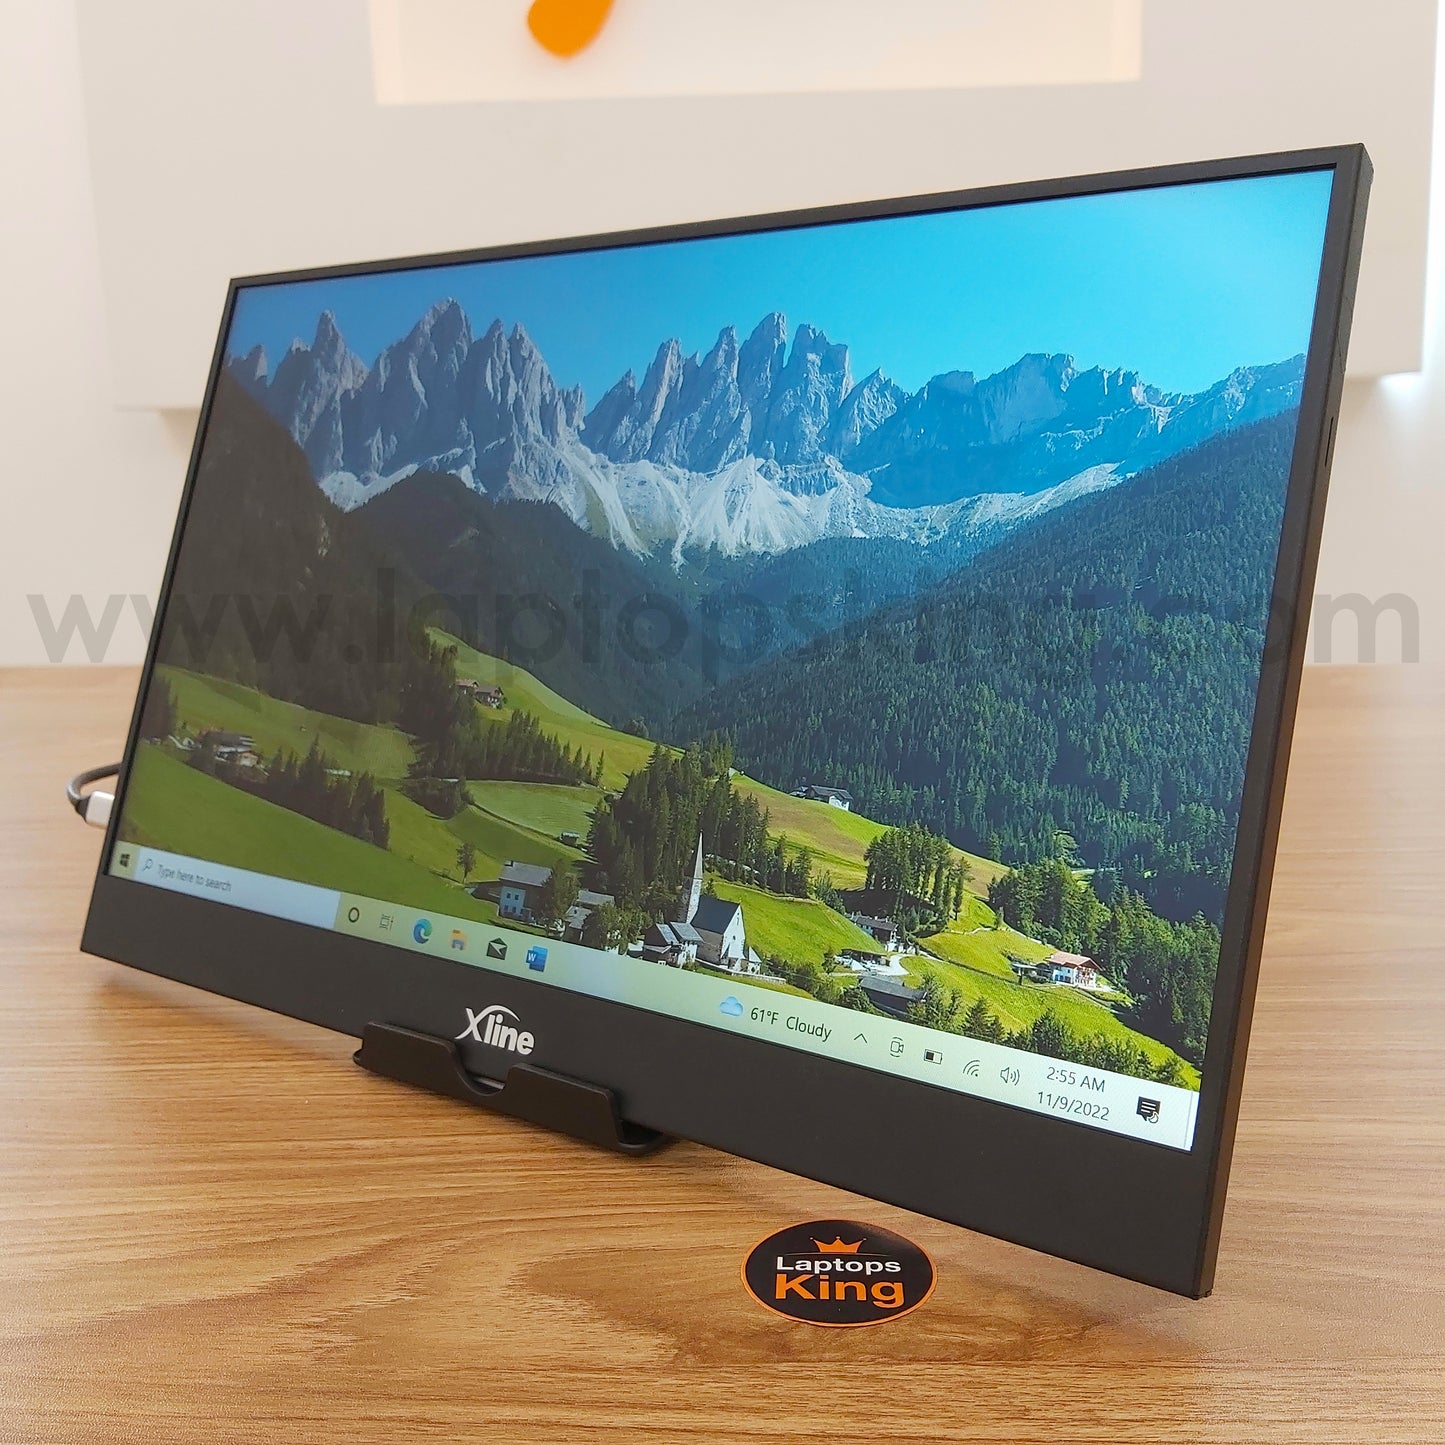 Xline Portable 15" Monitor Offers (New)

^^^^^^^^^^^^^^^^

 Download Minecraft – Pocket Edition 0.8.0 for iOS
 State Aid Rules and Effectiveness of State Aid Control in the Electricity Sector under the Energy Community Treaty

^^^^^^^^^^^^^^^^

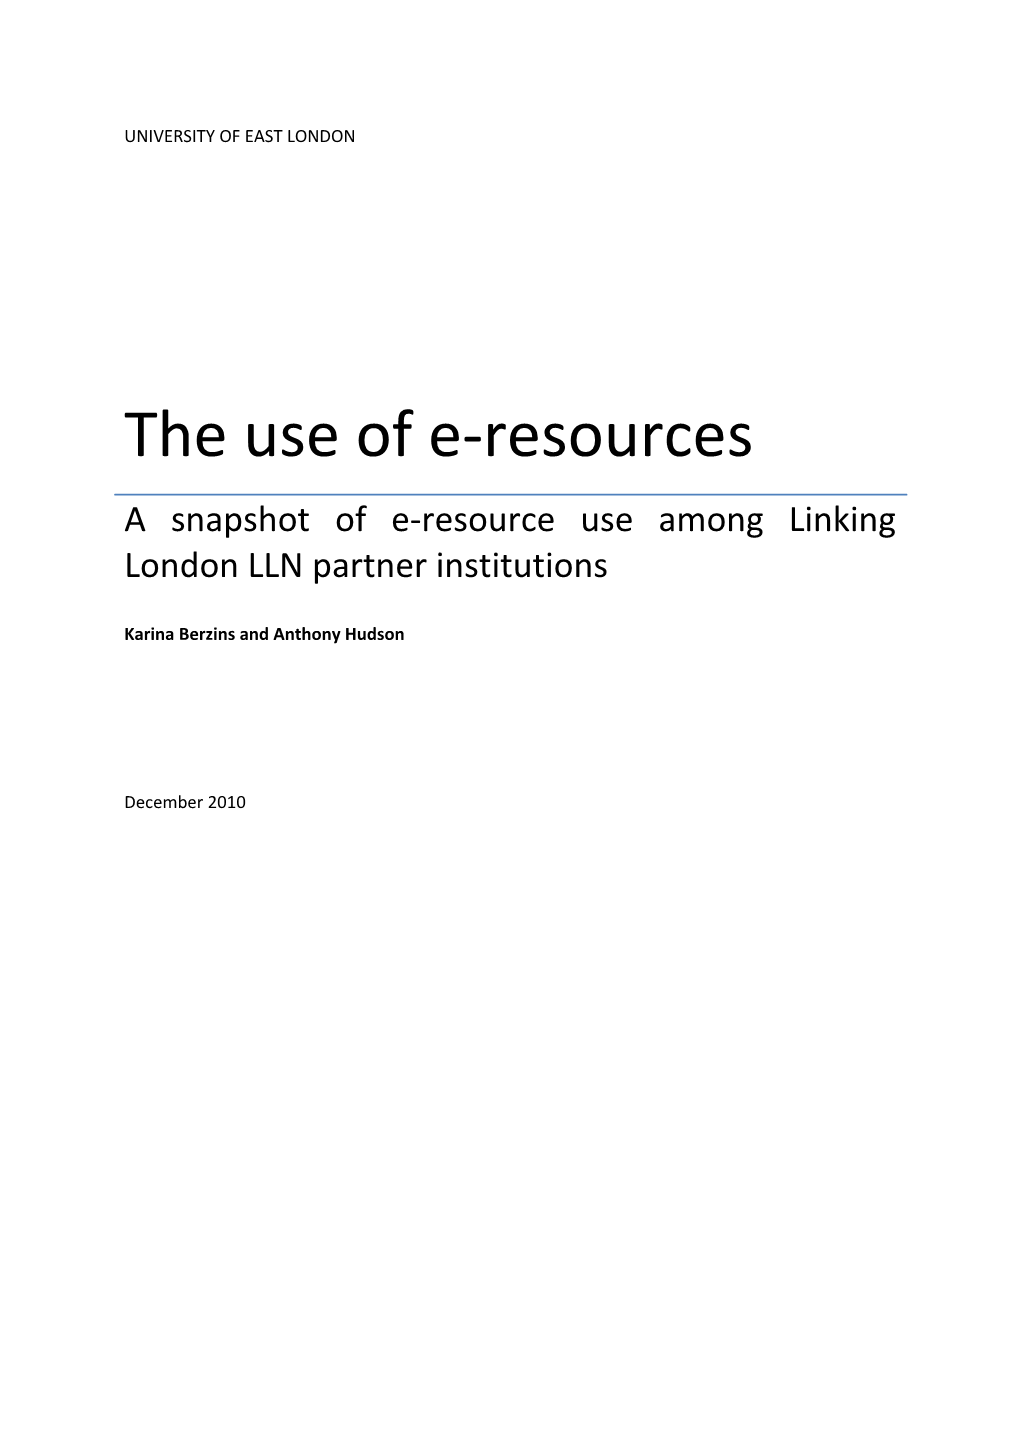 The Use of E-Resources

^^^^^^^^^^^^^^^^

Send back an exact copy of only the lines from the line with "Download Minecraft –" up to and including the line with "State Aid Rules" in the data above.

**Response to this task:**
 Download Minecraft – Pocket Edition 0.8.0 for iOS
 State Aid Rules and Effectiveness of State Aid Control in the Electricity Sector under the Energy Community Treaty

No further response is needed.